Until they flew down behind us, heard a gobbler fight and scuffle, and then they stood behind us on the ridge, approx. 30 yards away, gobbling and clucking and looking everywhere for us. We were stuck. 30 minutes into 2021 Ohio turkey season and this team of birds just kicked our butt.

We continued to hunt until quitting time and did hear a few more gobbles, but nothing workable. We took the next 5 days off and came back in there on Friday 4/30. We left even earlier this time as Zach got a flat tire the night before and I had to go pick him up at his house, which is about 20 minutes the wrong direct. I pulled out at 1:30a that day.

Back to the faithful ridge, but this time it was windy. Friday was the first pretty day after two days of tons of rain, and I knew there was a chance of wind, but didn’t expect 15-20mph winds. It was noisy before daylight and near impossible to hear very far away. As we walked through the low gap and started up into the area where we got into the birds during the opener I switched to my glass pot call because I didn’t think my diaphragm was loud enough to get a good roost gobble. Just after 6am and on my first sequence we got an answer down over the ridge from us, only about 100-200 yards away.

We quickly set up and within a few minutes we heard a bird fly down. And it started yelping at us. So I switched back to my diaphragm and we pointed that direct. I let this hen have it, yelping and cutting and trying to be as disrespectful as I possibly could, and she loved it. And so did the TRIO of gobblers following her. Just before she came into sight I aggressively cut her off and these three gobbler went bananas. It was AWESOME.
She jumped up on a log 15 yards directly in front of Zach and he was STUCK. That bird had him pinned down. The three musketeers skirted around her to our left and went behind a huge tree with some thick low growth at the base, so I swung their way and the moment a head popped out I let my 870 sing and she nailed the first note.

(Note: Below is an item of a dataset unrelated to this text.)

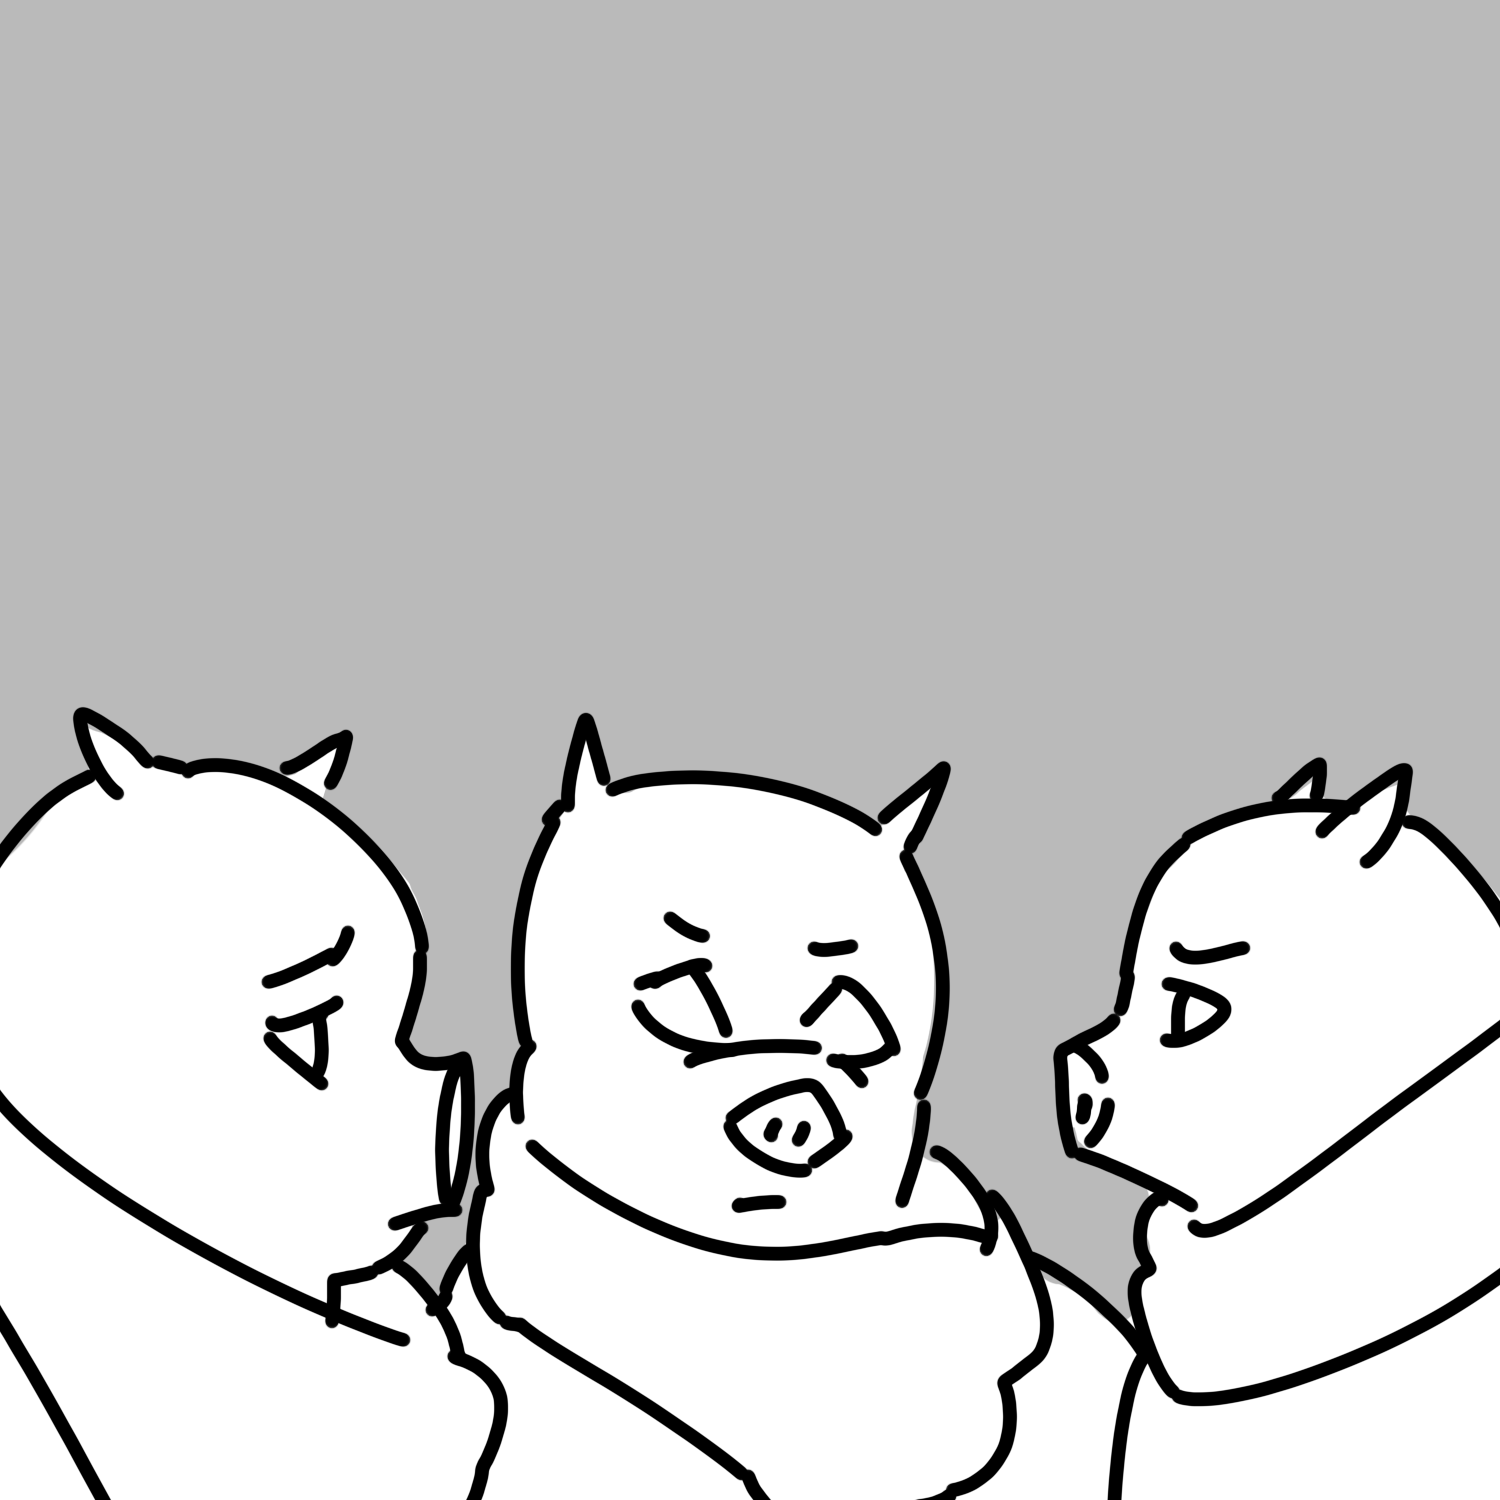 In a black and white outline style. Three pigs in loose garbs stand among each other in front of a grey background.

During the roar of that gun and initial chaos of birds reacting is when Zach should have quickly turned too, but he didn’t. The other two toms went another 90 degrees to our left and stood there looking around. I quickly started clucking and purring and doing all I could to calm them down and they stuck around for another 2 to 3 minutes. But they were not interested in coming any closer. My bird eventually started to beat its wings on the ground and then they took off.
All this action was before 6:40am. We had an awesome morning together. We came back on Saturday 5/1 and got into another bird but could not get it to commit.


And yes, I was wearing my lucky turkey socks that have been on my feet during my last 4 harvests .. why change it up?


----------



## fireline (Jun 14, 2007)

Shooting a bird on public ground is not a easy task, congratulations


----------



## joekacz (Sep 11, 2013)

You and your friend had a very successful hunt whether you both tagged or not. With all of the excitement and anticipation going on for that period your adrenaline had to be flowing a100mph! Now that’s turkey hunting!! Congrats!


----------



## CalebBone (Aug 29, 2015)

Thanks y’all. 

And yes, joekacz. Sure do love the adrenaline that comes with gobbling birds - hard to beat!


----------